Unlike diagnosable conditions such as depression and anxiety, many people have experienced burnout. According to a 2021 survey, 52% of U.S. workers were experiencing burnout, an increase of 9% from pre-covid numbers. In addition, those who work over 40 hours a week are six times more likely to develop burnout. With longer working hours becoming the norm since the Covid pandemic, it is no surprise that burnout is becoming a problem for men worldwide.

Research defines burnout as a syndrome with three factors: exhaustion, cynicism, and a sense of ineffectiveness. It is common for women to report fatigue, and men claim they become more cynical. Cynicism is also referred to as depersonalization, distancing from emotion. It also implies a sign of competence: male-coded cultural archetypes such as the demanding coach or the brusque physician. Men can develop a feeling of pessimism and irritability that can seep into other areas of life, such as relationships. Depersonalization is the experience of feeling unreal, detached, and often unable to feel emotion, which would be stressful and upsetting for anyone. This can lead to inefficiency and a lack of productivity which further increases the prevalence of the previous symptoms. However, men find it harder to recognize signs of inefficiency in their work compared to women, possibly because men do not have the same health literacy as women.

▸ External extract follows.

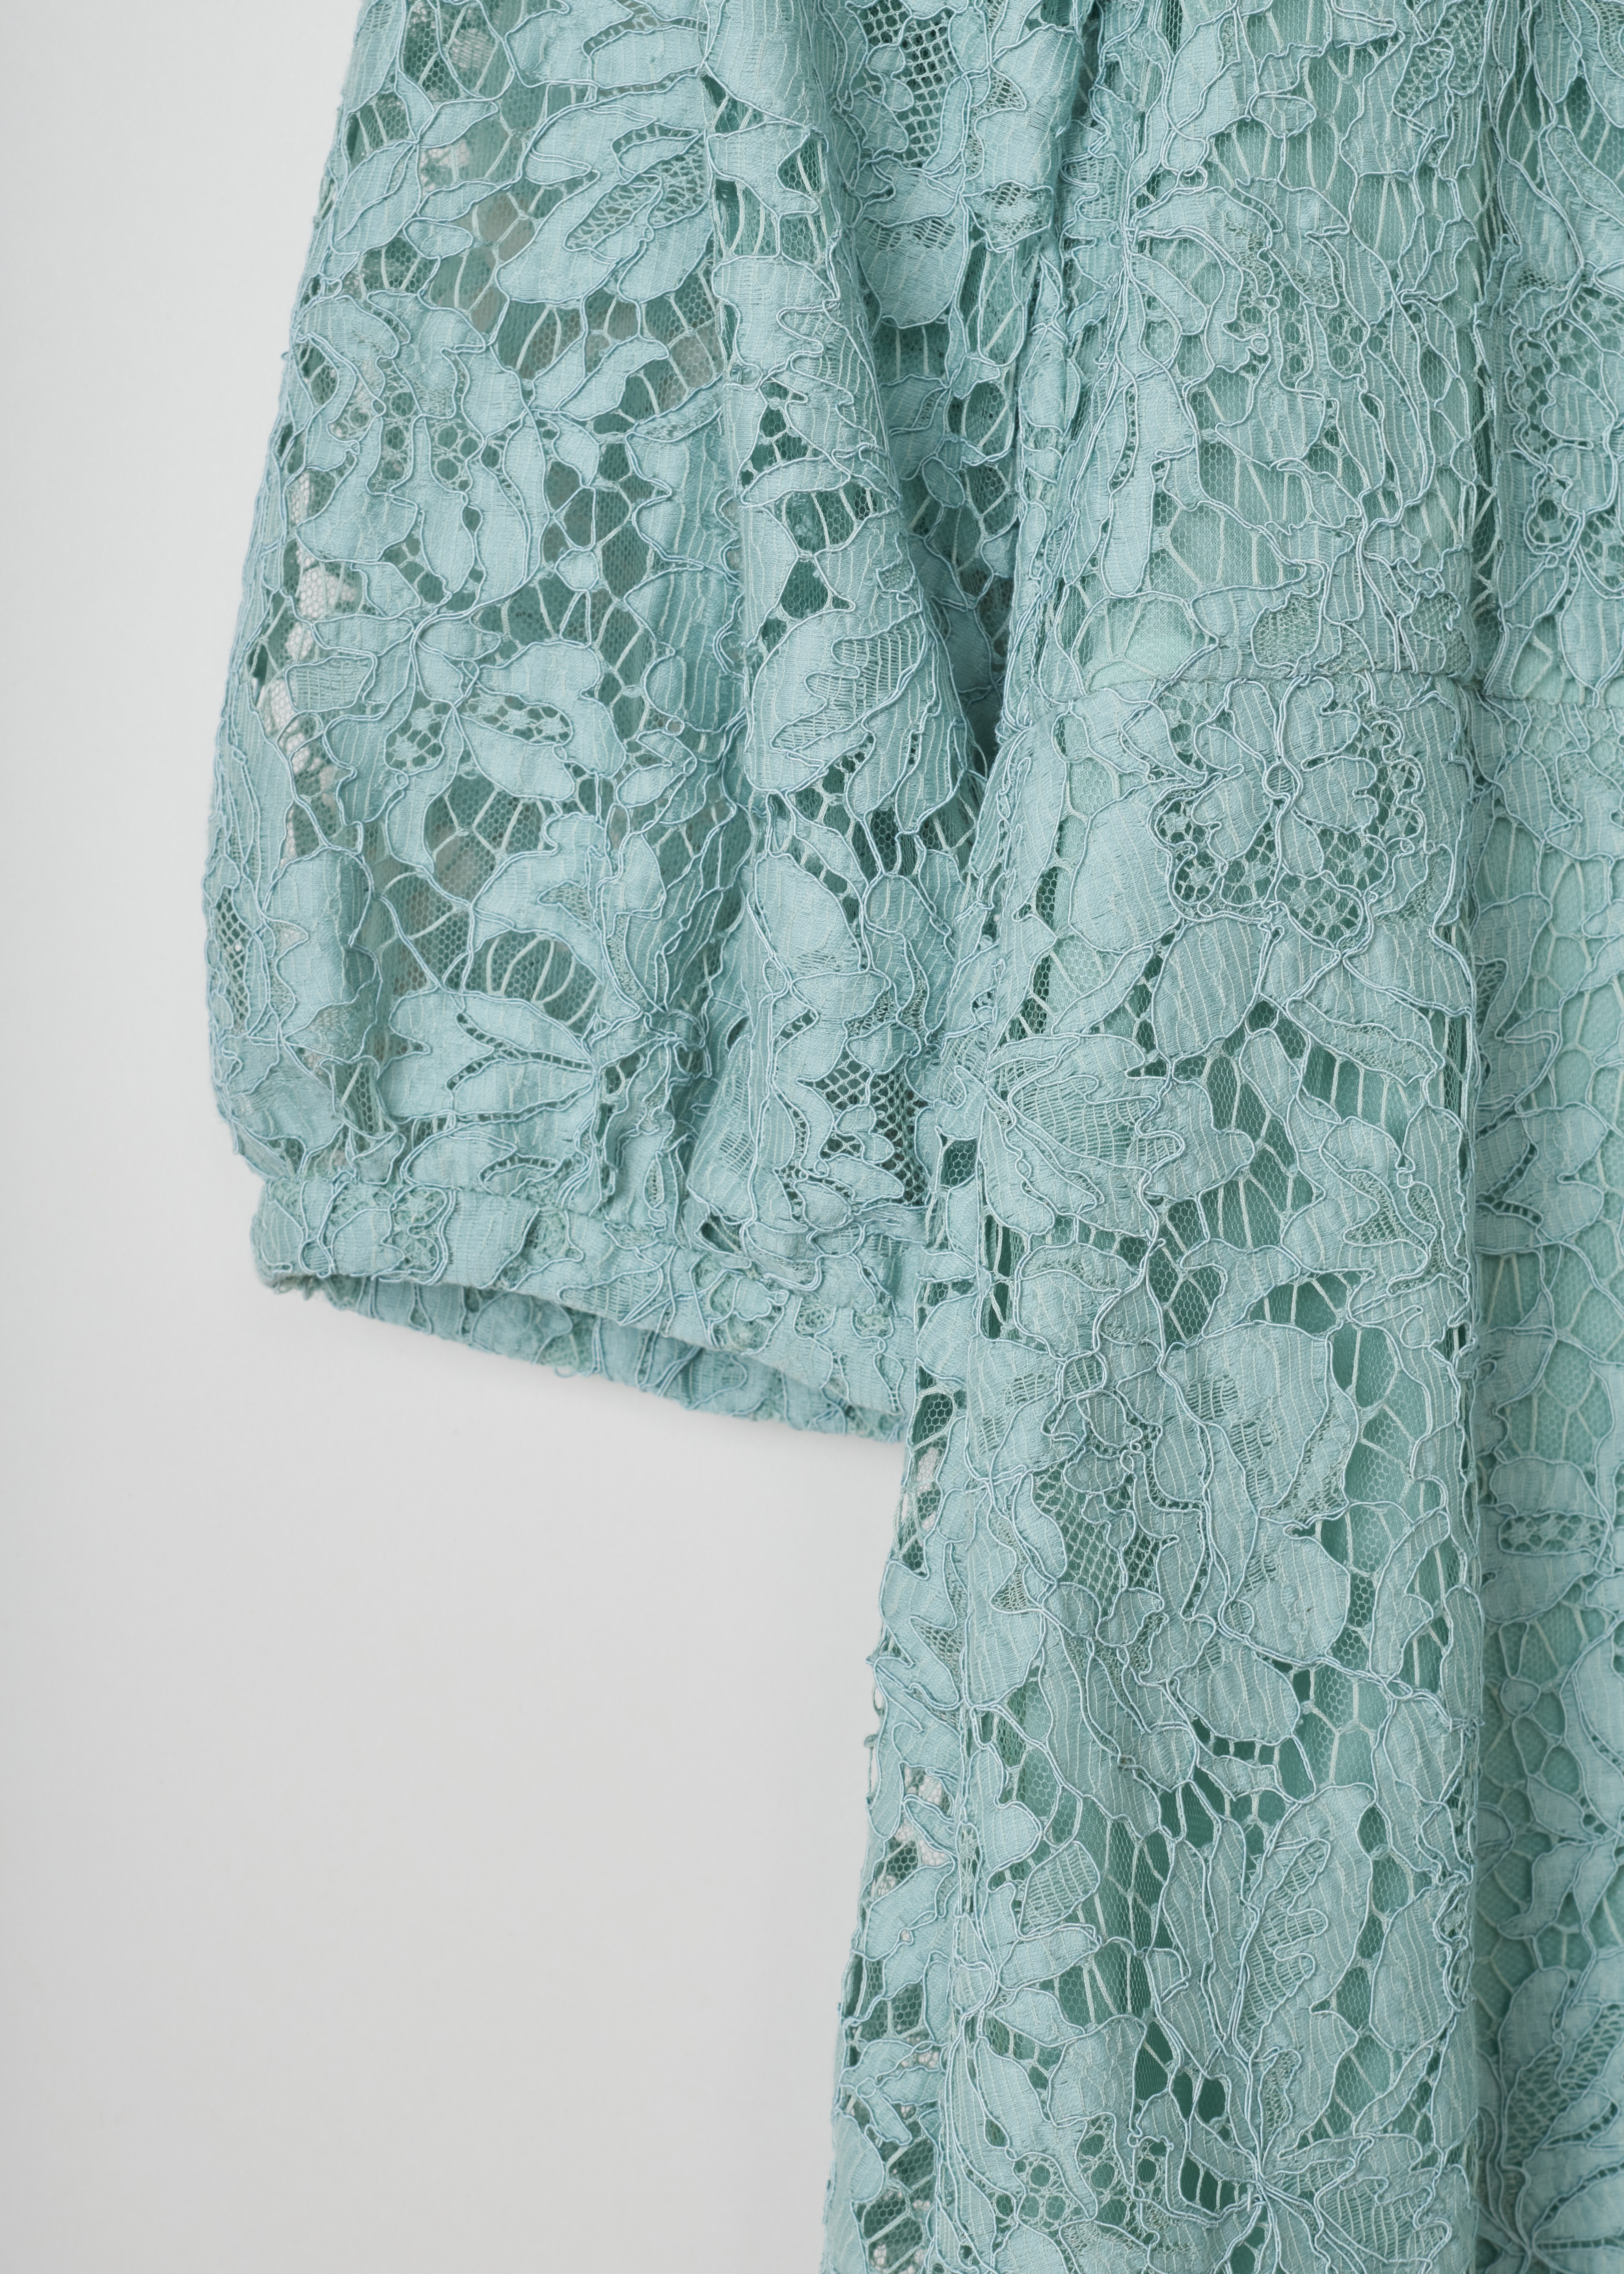 Valentino pastel green long sleeve lace dress RB0VALH71EC_5W0 light blue detail. Pastel green dress in cotton lace, bishop sleeves, a fitted bodice with a close-fit neckline, an a-line skirt, scalloped hems and an invisible zip fastening on the back.
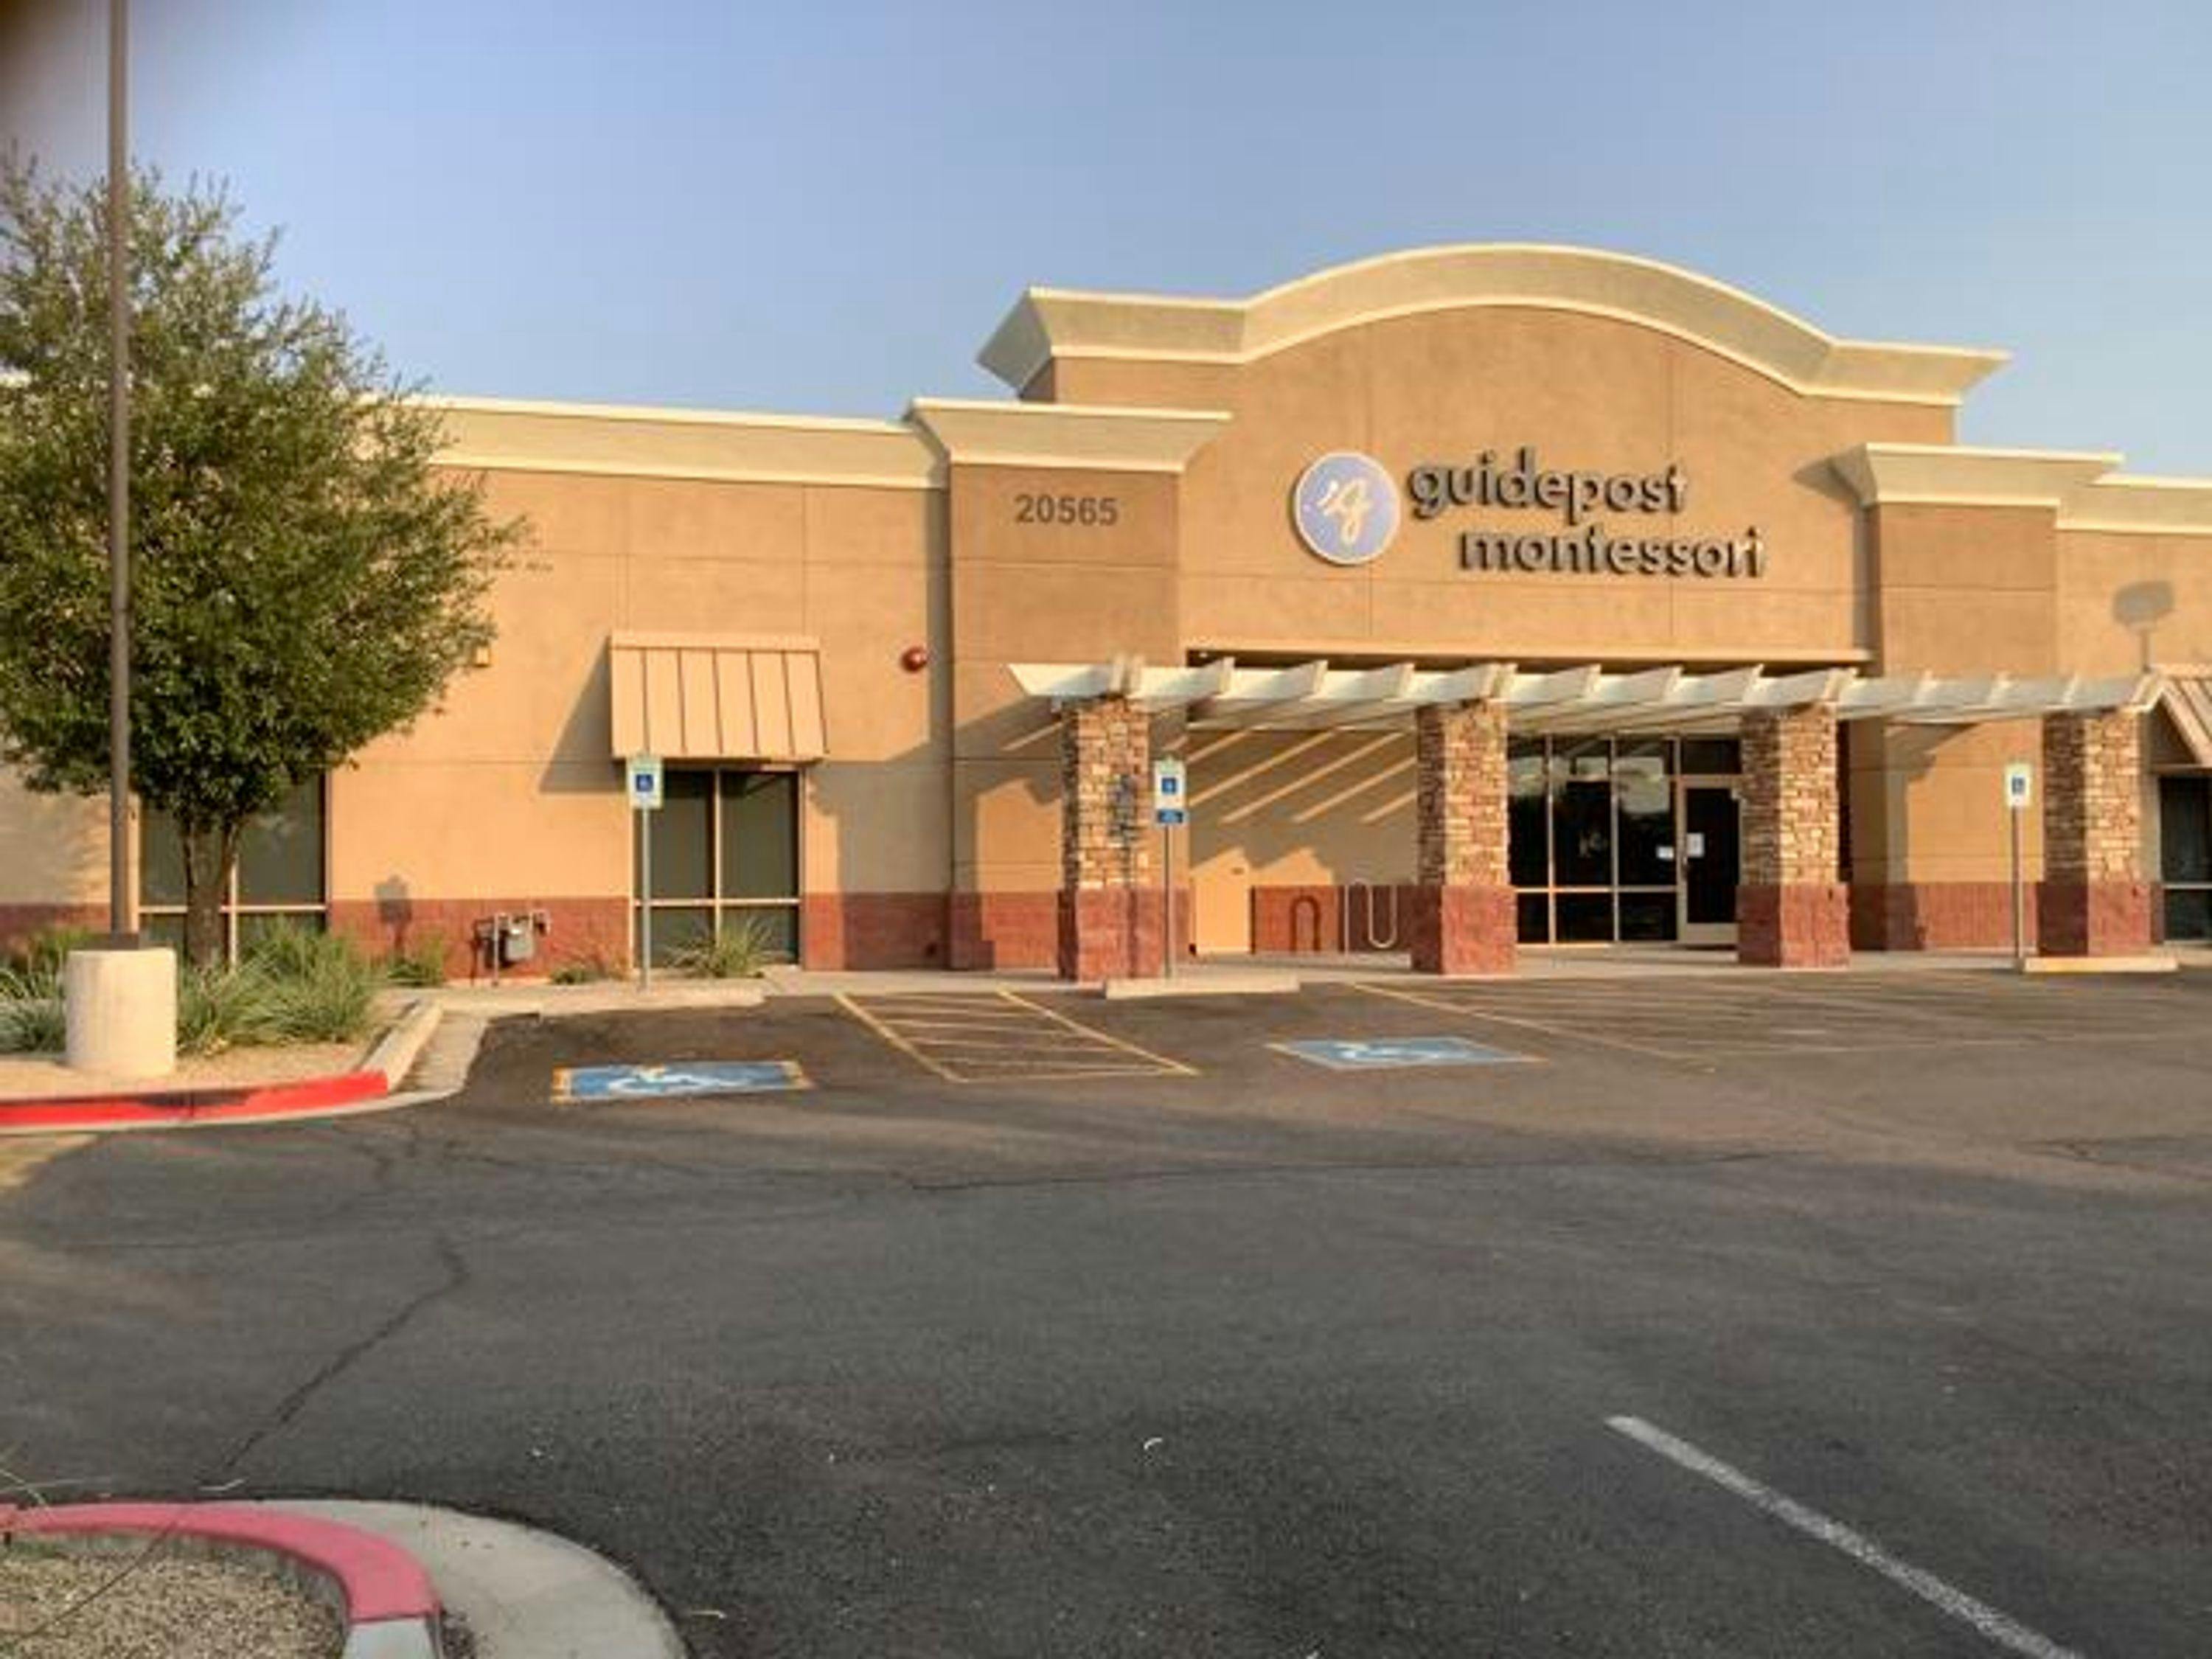 View of Guidepost Montessori at Peoria from the parking lot that shows the handicap parking spots in front of the building as well as the windowed door to the entrance below the branded Guidepost Montessori sign.

Men still encounter the stereotype of breadwinner and being able to support a family. The Pew Research Center reported in 2017 that 71% of Americans thought this was important for a man to be a good husband. The way men burn out as fathers is also driven by the breadwinner ethos.

It is time to give men a break from these unrealistic and detrimental expectations. Men need to be supported to take care of themselves and have the freedom to admit when they are at their limit and seek help.